Thank you so much for this amazing explanation. I spent a good bit of time essentially reformatting queries using regex to correctly "backtick" our table names and function names, but this is SO much better

So it sounds like to correctly handle all of the various ways our BQ users can reference functions/tables, we'd essentially want to do:

Given the fully qualified table/func name: project.dataset.table Which can be referenced in the following ways:

We'd want to add catalogs in the following manner:

val root = SimpleCatalog("root")
val proj_catalog = root.addNewSimpleCatalog("proj")
val dataset_catalog = proj_catalog.addNewSimpleCatalog("dataset")
// but also add this catalog at the root level to handle the "dataset.table" use case
root.addSimpleCatalog(dataset_catalog)

EDIT: But the above won't actually handle the "`proj.dataset.table`" use case.

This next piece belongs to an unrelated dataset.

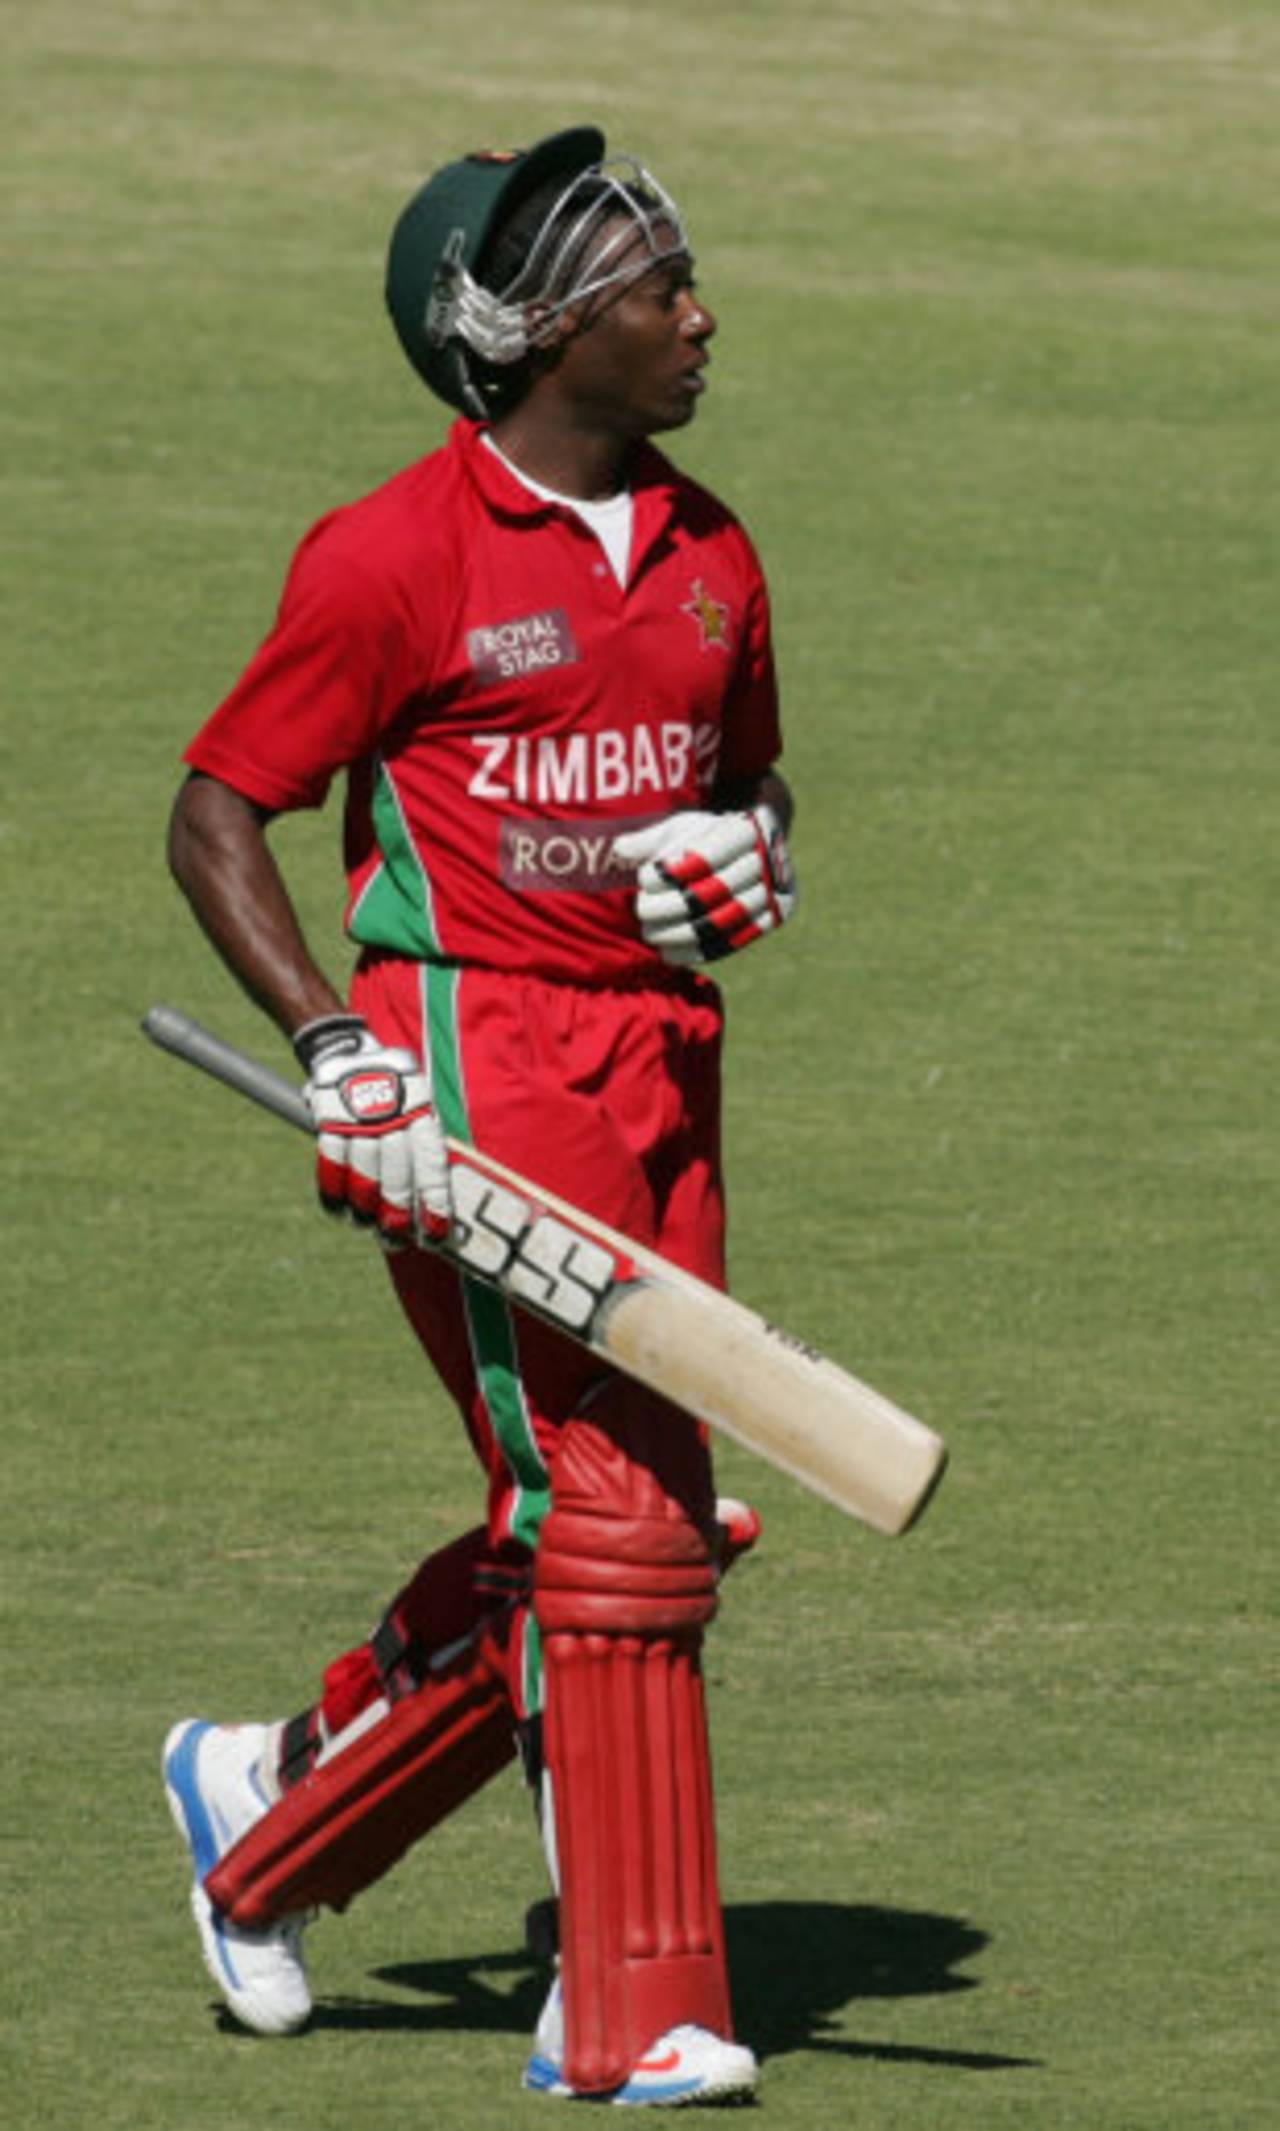 Vusi Sibanda departs for 34, ZImbabwe v India, 1st ODI, Harare, July 24, 2013

After some short testing this looks like it fits the bill. Let me know if I'm missing anything :D

tha23rd commented 2 years ago

@matthewcbrown Sorry for the ping, was wondering if you saw the edit above

"EDIT: But the above won't actually handle the "proj.dataset.table" use case."

Any guidance you could provide here?

matthewcbrown commented 2 years ago

ah, sorry, I didn't see this - for some reason I don't get emails for edits.

Anyway, I don't have a great solution for you, as far as googlesql::SimpleCatalog is concerned the backtick quoted string is different from the non-backtick quoted string - one is a path with 3 elements, the other is a path with one element.

In c++ this is pretty straightforward to handle, you can just override the FindTable to return the same Table object in either case, but from Java, which requires a SimpleCatalog the best i can think of is to add the Table in all places, although, these would look like separate tables to the resolver. If you are running smallish queries that only one use one style, this is probably okay, but if you actually need them to all resolve to the same table, it's going to muck things up.